Why You'll Love This Heart-Shaped Lasagna Bundt
Here's what makes this recipe worth trying:
- It's surprisingly simple – I promise it's not as complicated as it sounds. If I can do it with two kids running around asking for snacks, you can too.
- Makes dinner feel special – Whether you're celebrating Valentine's Day or just want to make Tuesday night more fun, this does the trick.
- Feeds a crowd – This serves 10 to 12 people, so it's perfect for family gatherings or when you want leftovers for days.
- The wow factor is real – When you turn it out and that sauce pours into the center, everyone at the table will think you're some kind of cooking genius.
- Tastes like traditional lasagna – No weird tricks or fancy ingredients.

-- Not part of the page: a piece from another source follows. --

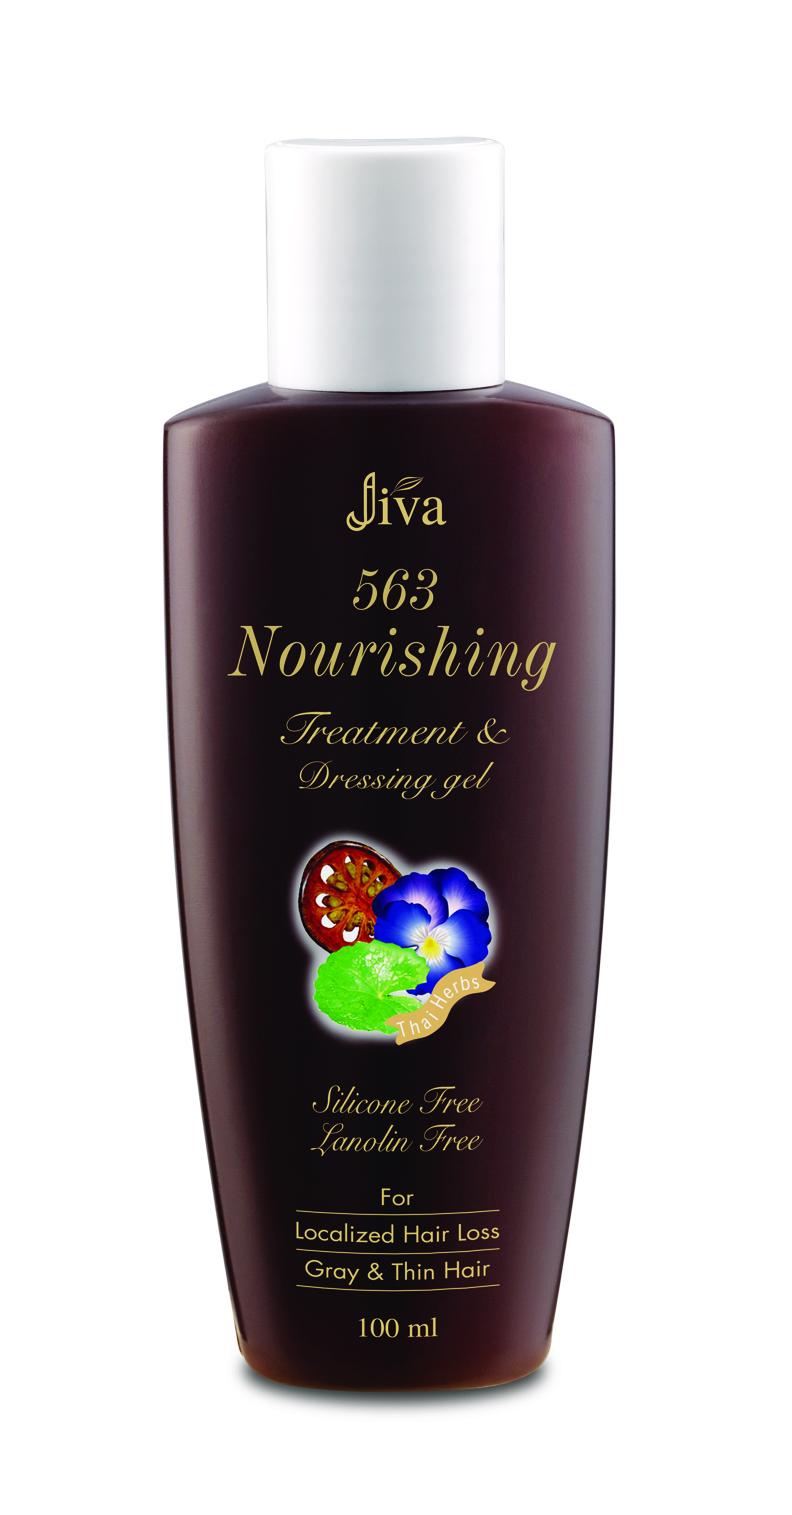 JIVA Nourishing Treatment and Dressing Gel - จีวา นอริชชิ่ง ทรีทเม้นท์ แอนด์ เดรซซิ่ง เจล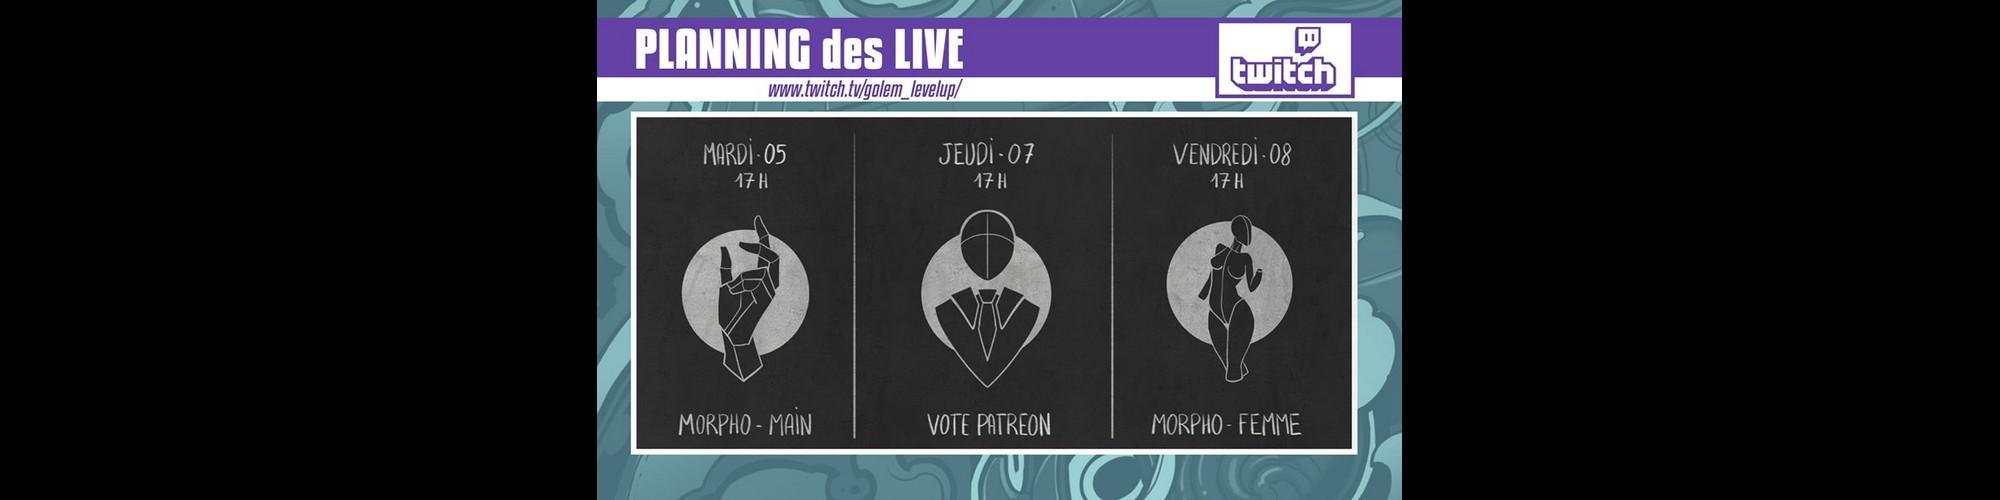 Programme Live! Twitch Golem

Just good, comforting flavors we all love.
- Kids actually eat it – Sarah was skeptical about the shape at first, but once she tasted it, she was all in.

What You'll Need For Heart-Shaped Lasagna Bundt
Here's everything you need to make this work:
For the noodles:
- Kosher salt and freshly ground black pepper
- One 16-ounce box lasagna noodles
- 2 tablespoons olive oil
For the meat sauce:
- 1 medium onion, chopped
- 3 cloves garlic, minced
- 1 ½ teaspoons dried oregano
- 1 ½ pounds ground beef
- One 6-ounce can tomato paste
- One 28-ounce can crushed tomatoes
- 2 teaspoons sugar
For the cheese mixture:
- 12 ounces ricotta cheese
- 8 ounces shredded mozzarella (2 cups)
- 2 large eggs
- ½ cup grated Parmesan
- ¼ cup chopped fresh flat-leaf parsley
Special equipment:
- A 10-cup heart-shaped Bundt pan (I got mine online for about $25, and it's been worth every penny)
How To Make Heart-Shaped Lasagna Bundt
Let me walk you through this step by step. I've made this three times now, so I know where the tricky parts are.
Preparing The Noodles
First things first, preheat your oven to 375 degrees F.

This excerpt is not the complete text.